Exercise brief: Restate word for word all of the lines below, with each image left out.

━━━━━ Exercise data

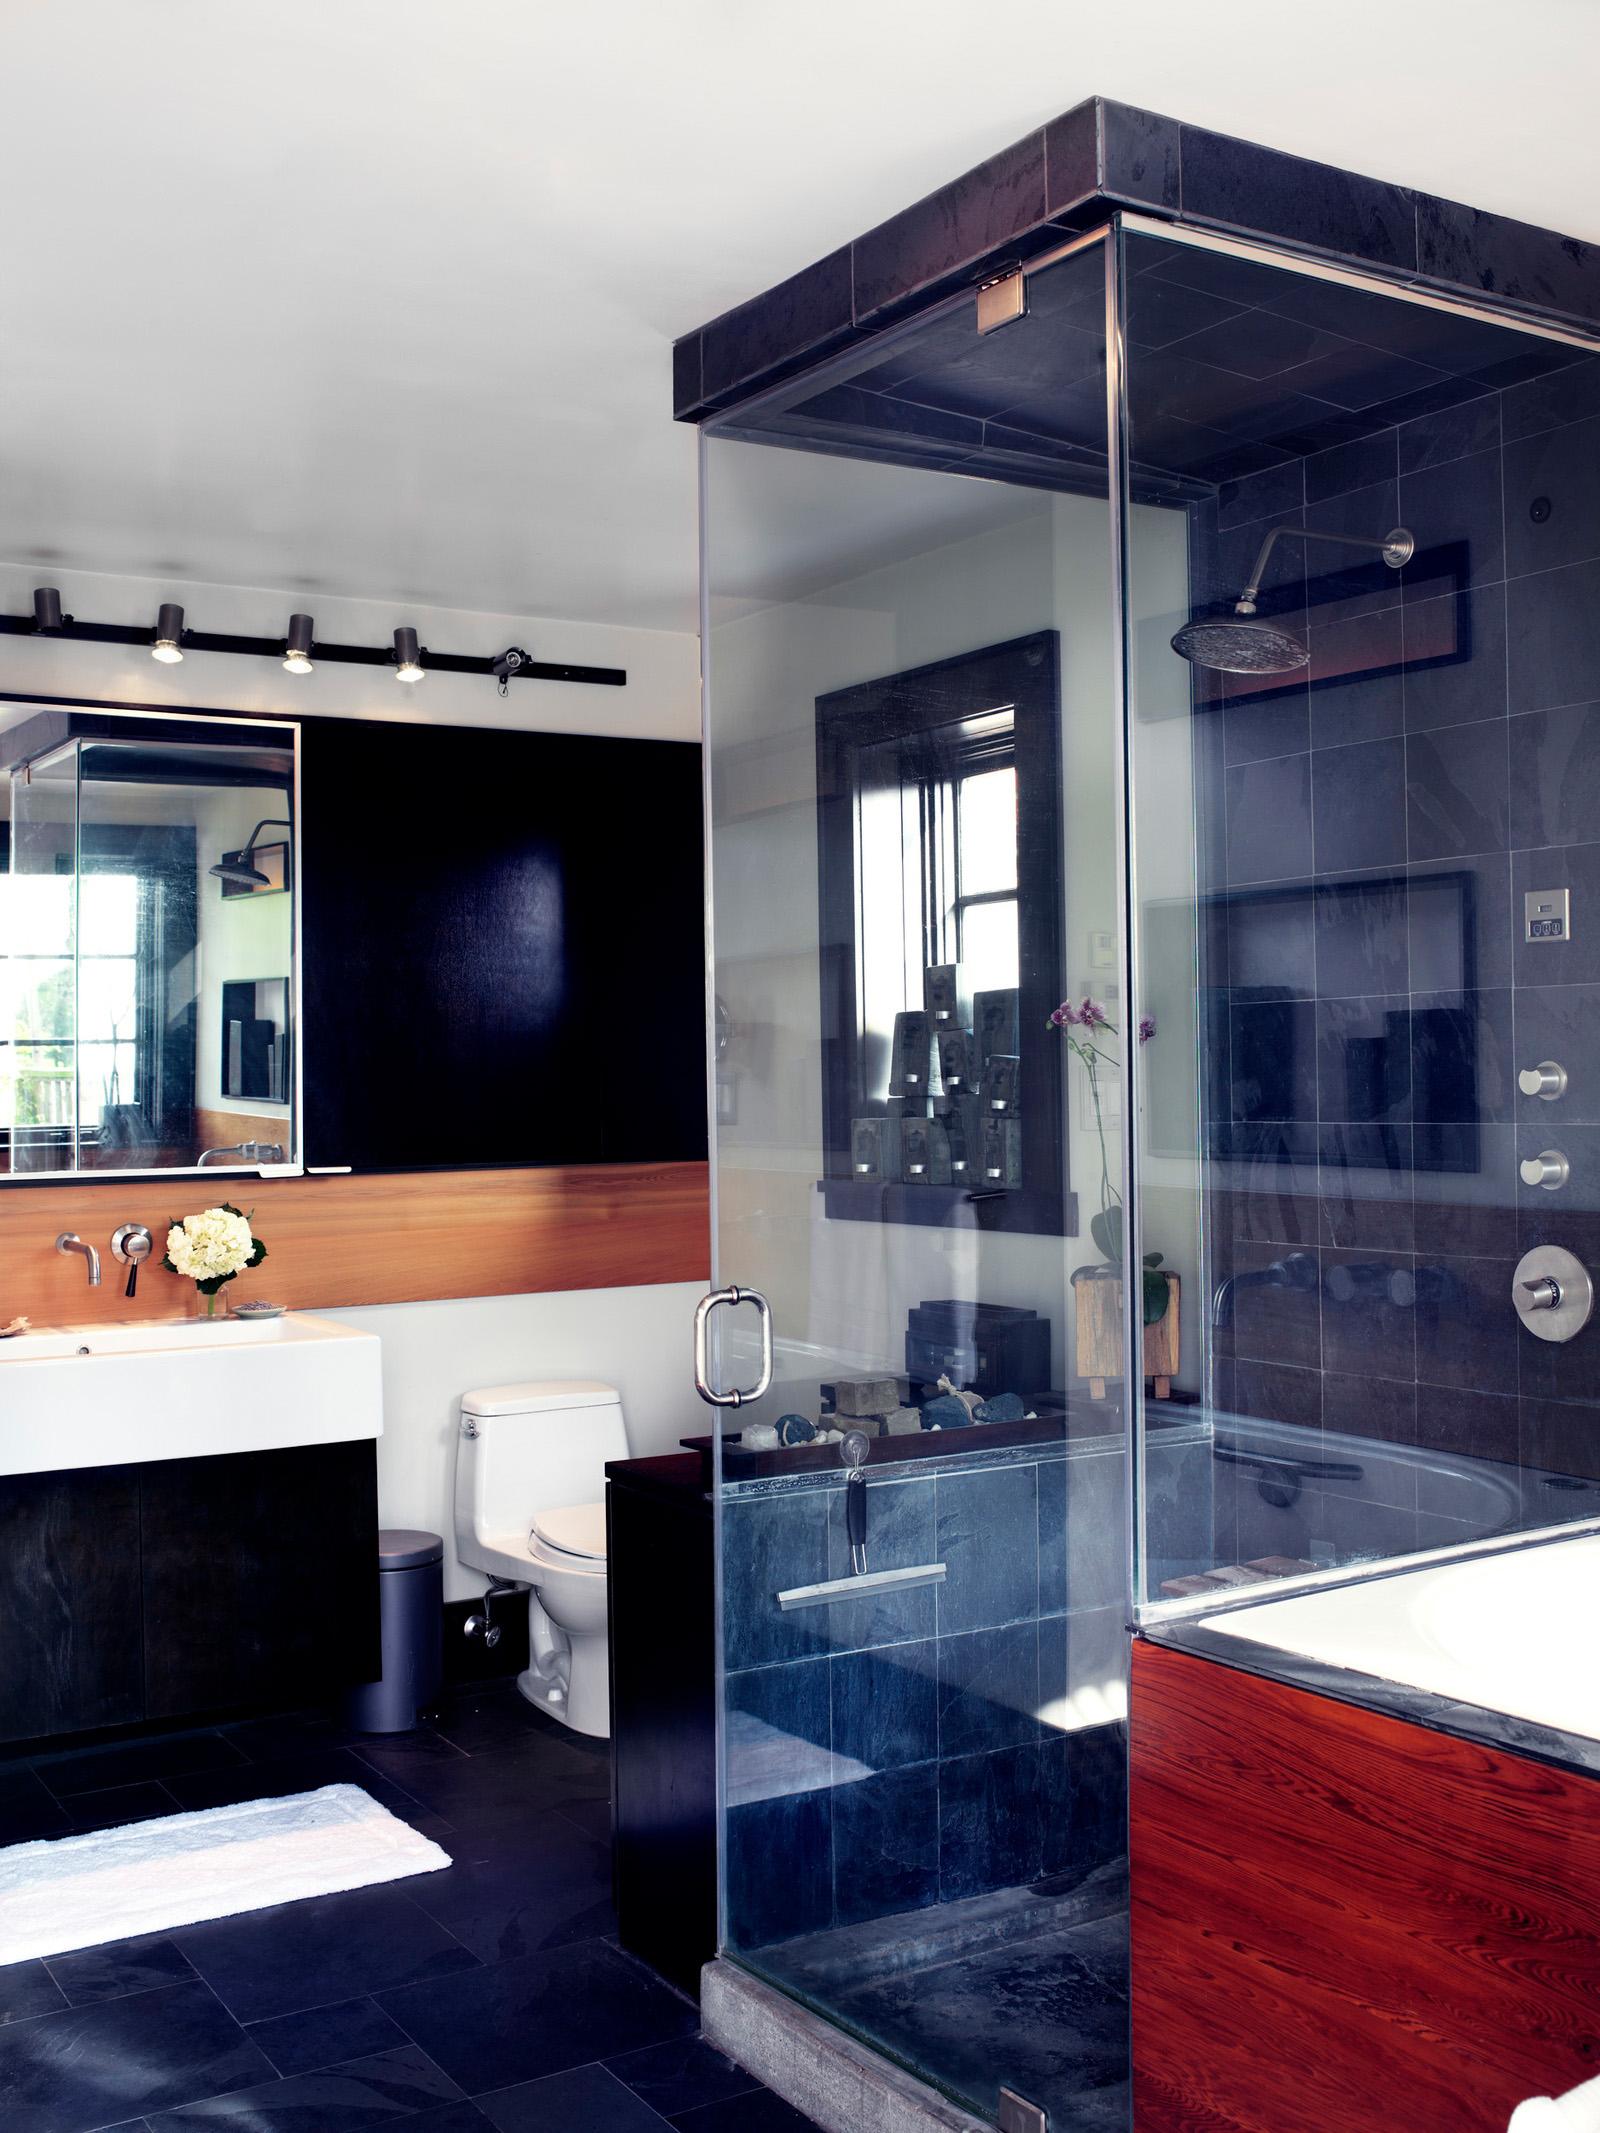 218807-10854029-08081WIS1208_Bathroom_V1_main_jpg.jpg
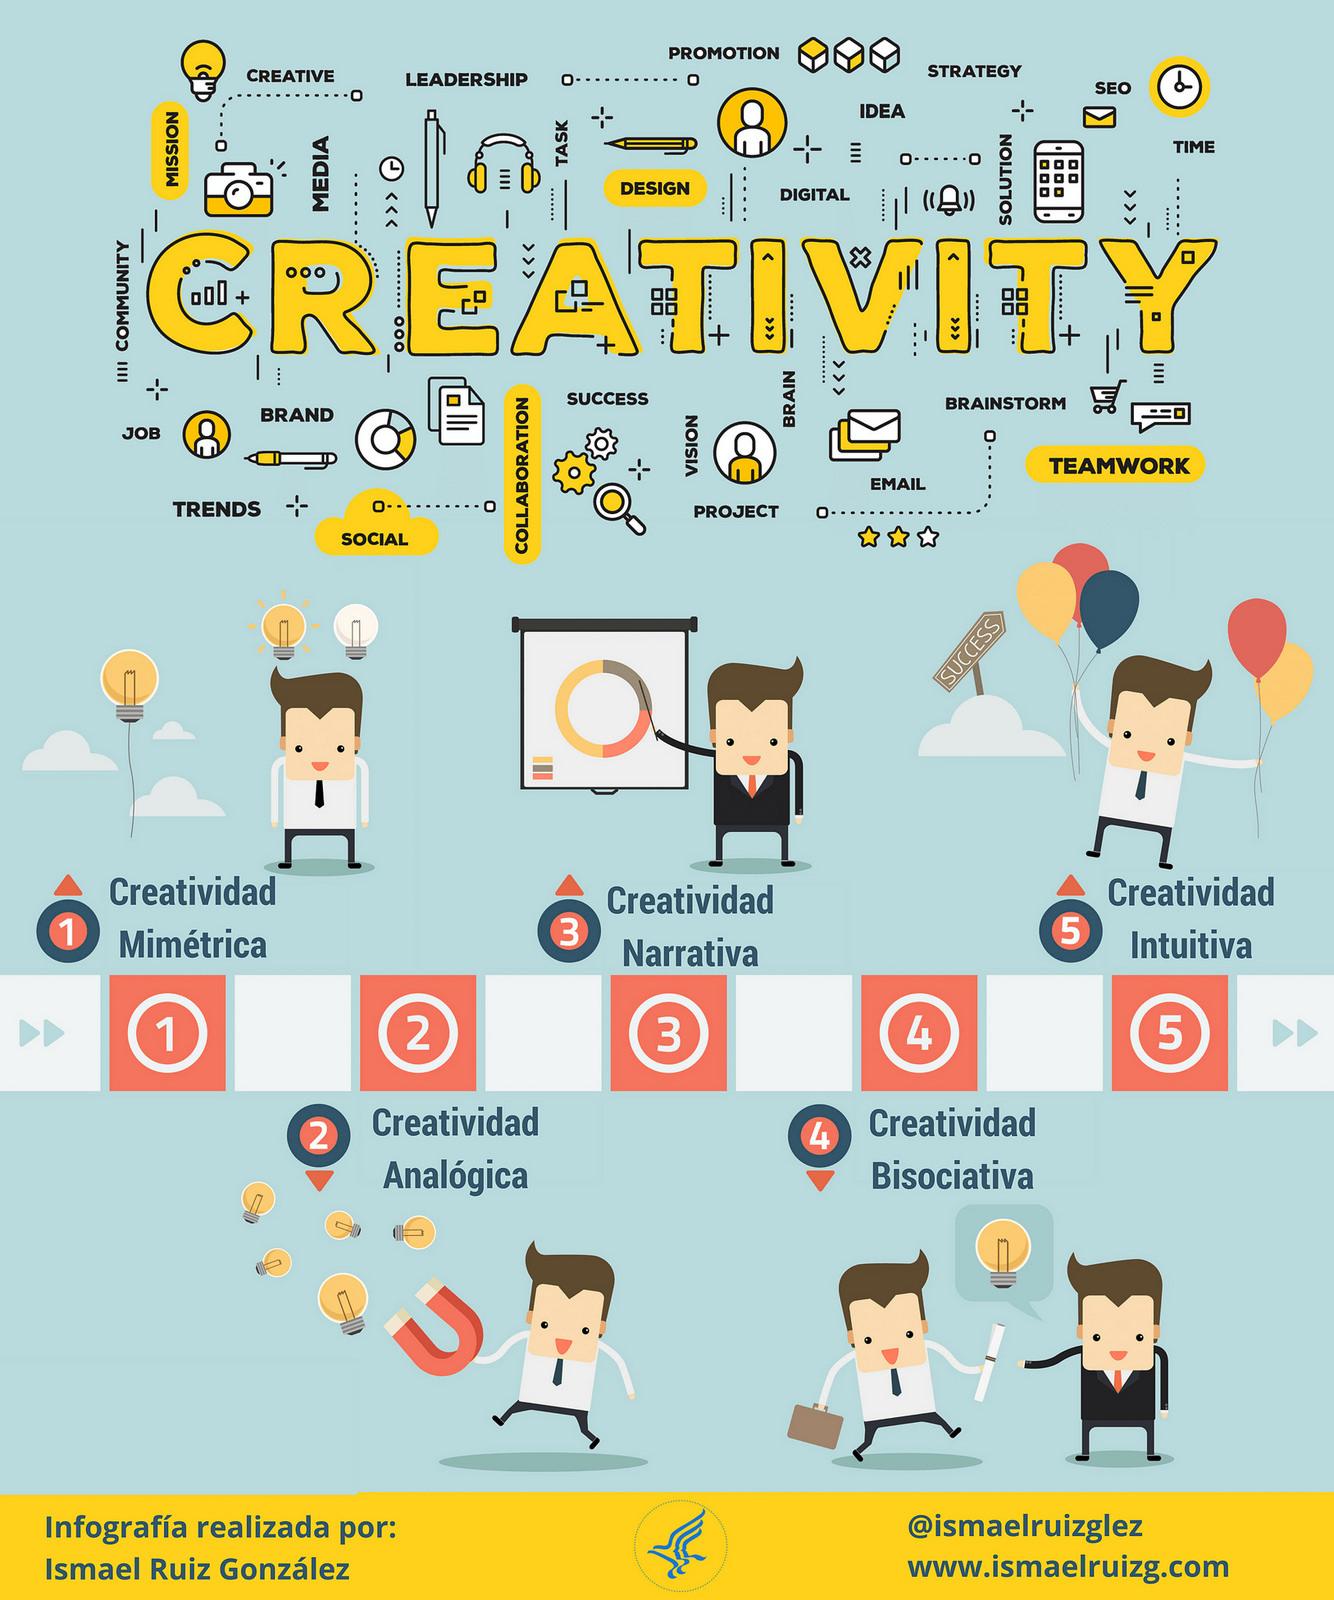 Media Confidential 2017 09 10: Tipos De Creatividad #infografia #infographic
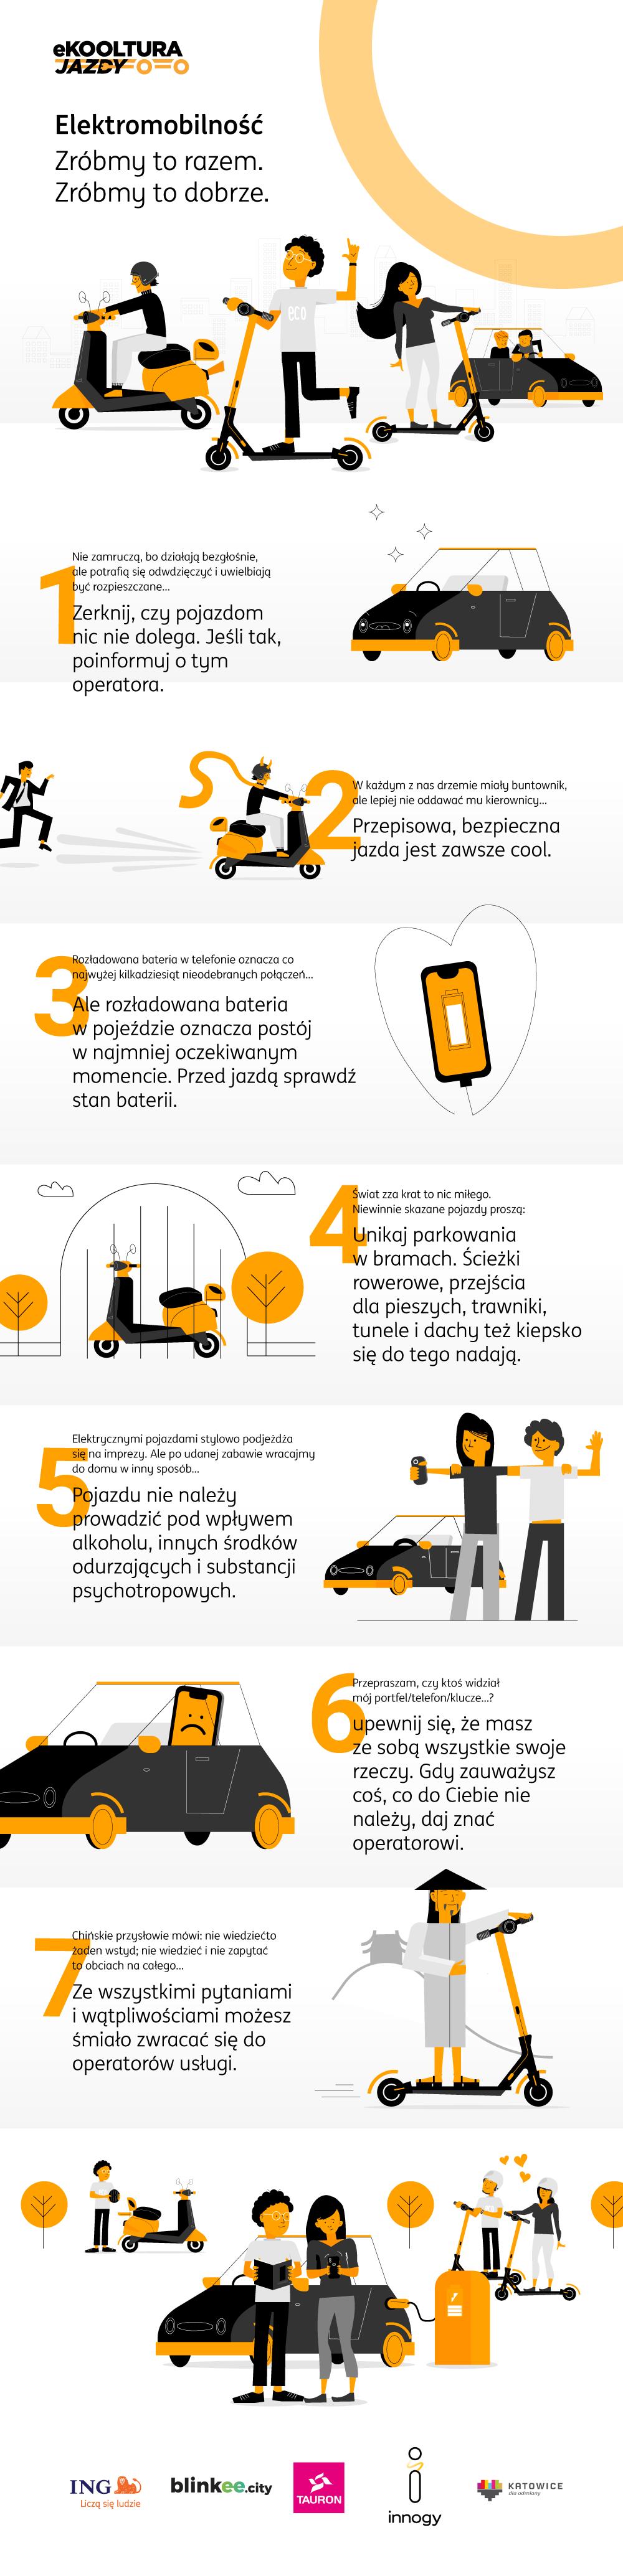 eKOOLTURA-JAZDY-infografika

━━━━━━━━━━

Reply:
 218807-10854029-08081WIS1208_Bathroom_V1_main_jpg.jpg
 Media Confidential 2017 09 10: Tipos De Creatividad #infografia #infographic
 eKOOLTURA-JAZDY-infografika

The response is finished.